# DATA
○ ○ ○ ○ ○ ○ ○

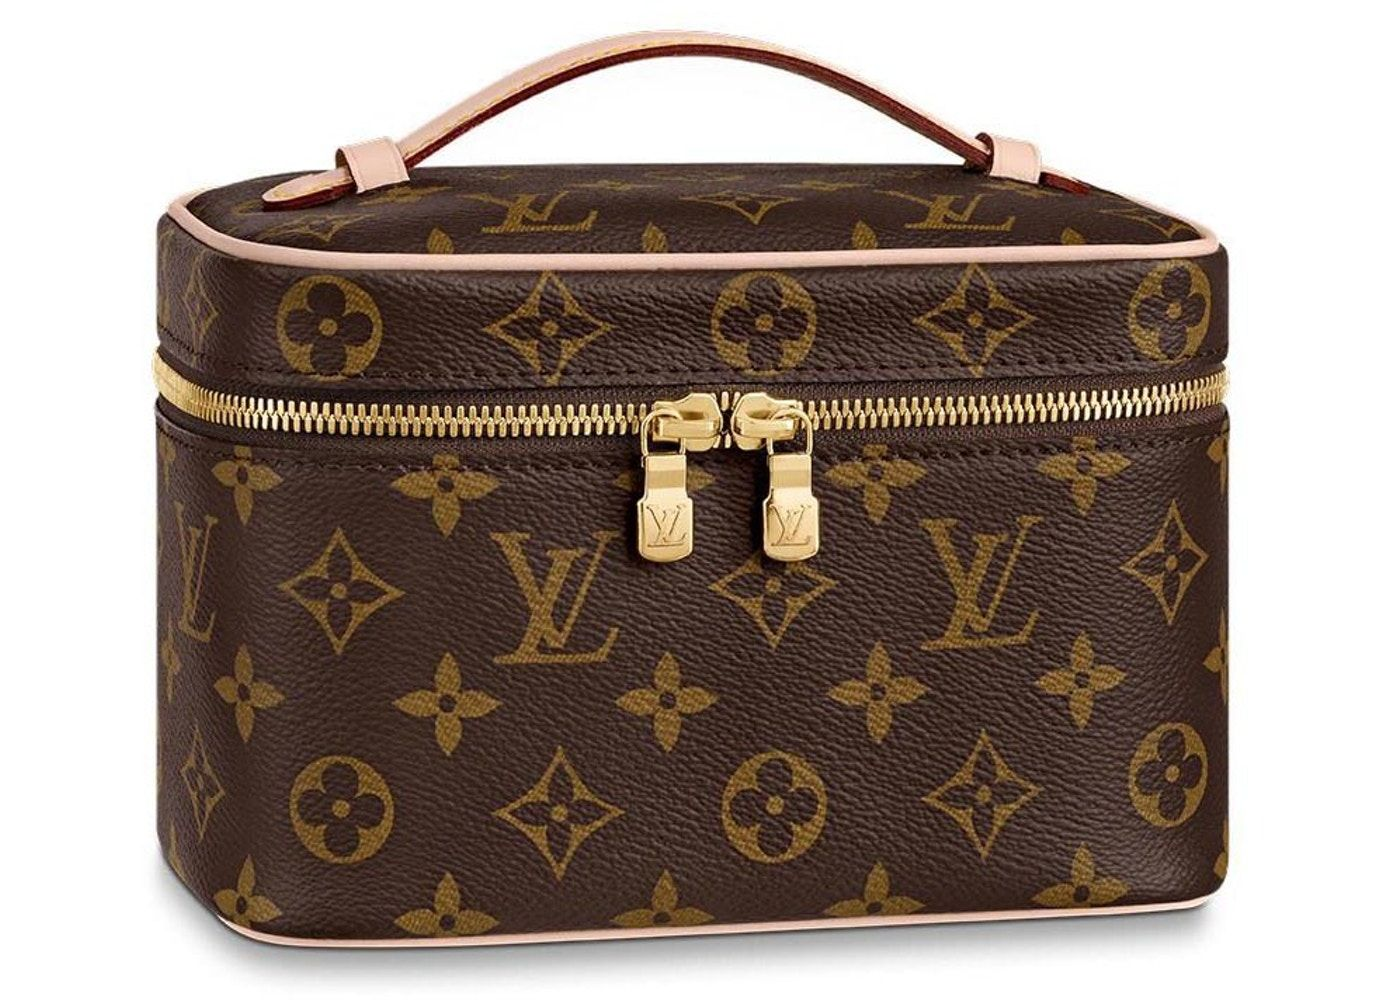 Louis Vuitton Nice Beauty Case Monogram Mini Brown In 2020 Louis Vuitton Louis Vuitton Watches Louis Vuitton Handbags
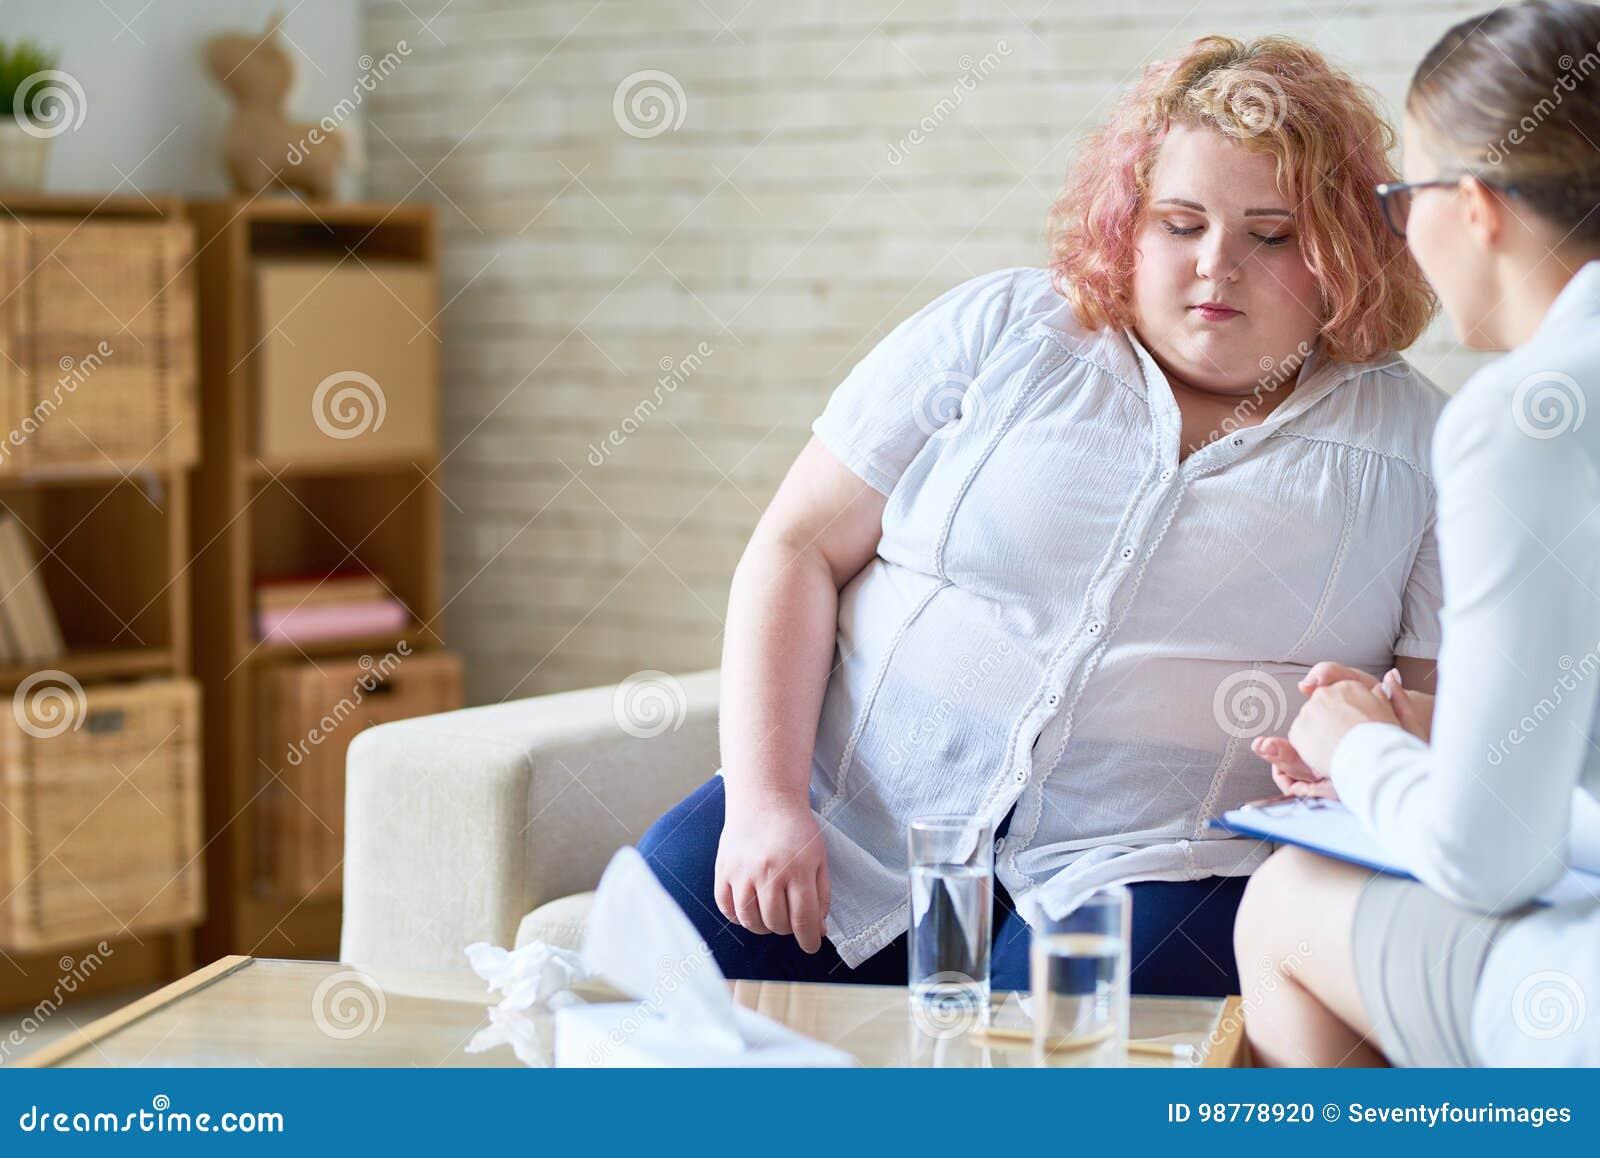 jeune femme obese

○ ○ ○ ○ ○ ○ ○

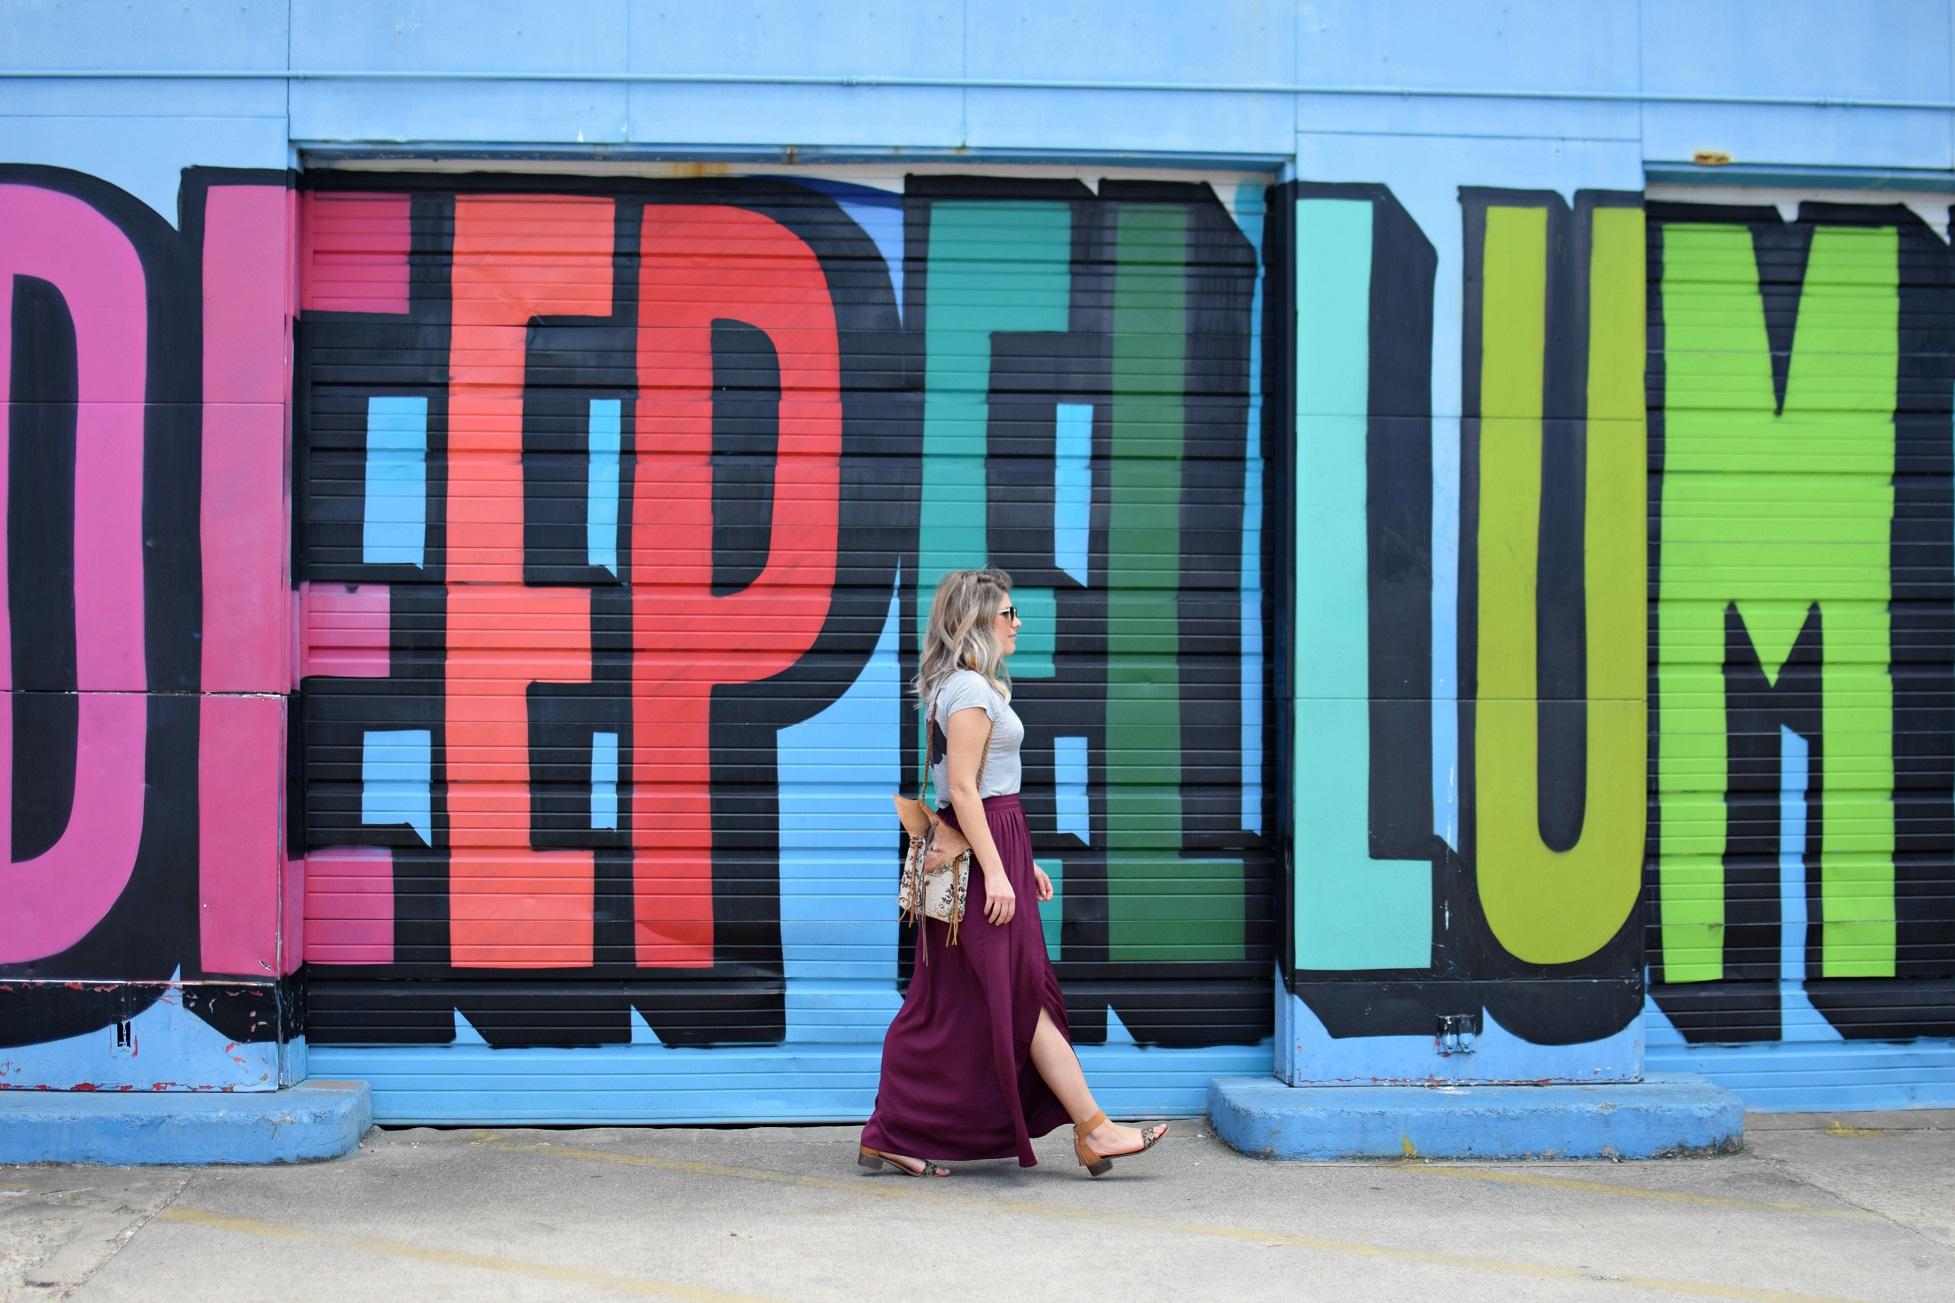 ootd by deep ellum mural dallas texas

○ ○ ○ ○ ○ ○ ○

# WORK TO COMPLETE
Could you write out exactly the lines of the data above that run from the one holding "Louis Vuitton Nice" to the one holding "jeune femme obese", with both ends in and all pictures out?

# RESULT OF THE TASK
 Louis Vuitton Nice Beauty Case Monogram Mini Brown In 2020 Louis Vuitton Louis Vuitton Watches Louis Vuitton Handbags
 jeune femme obese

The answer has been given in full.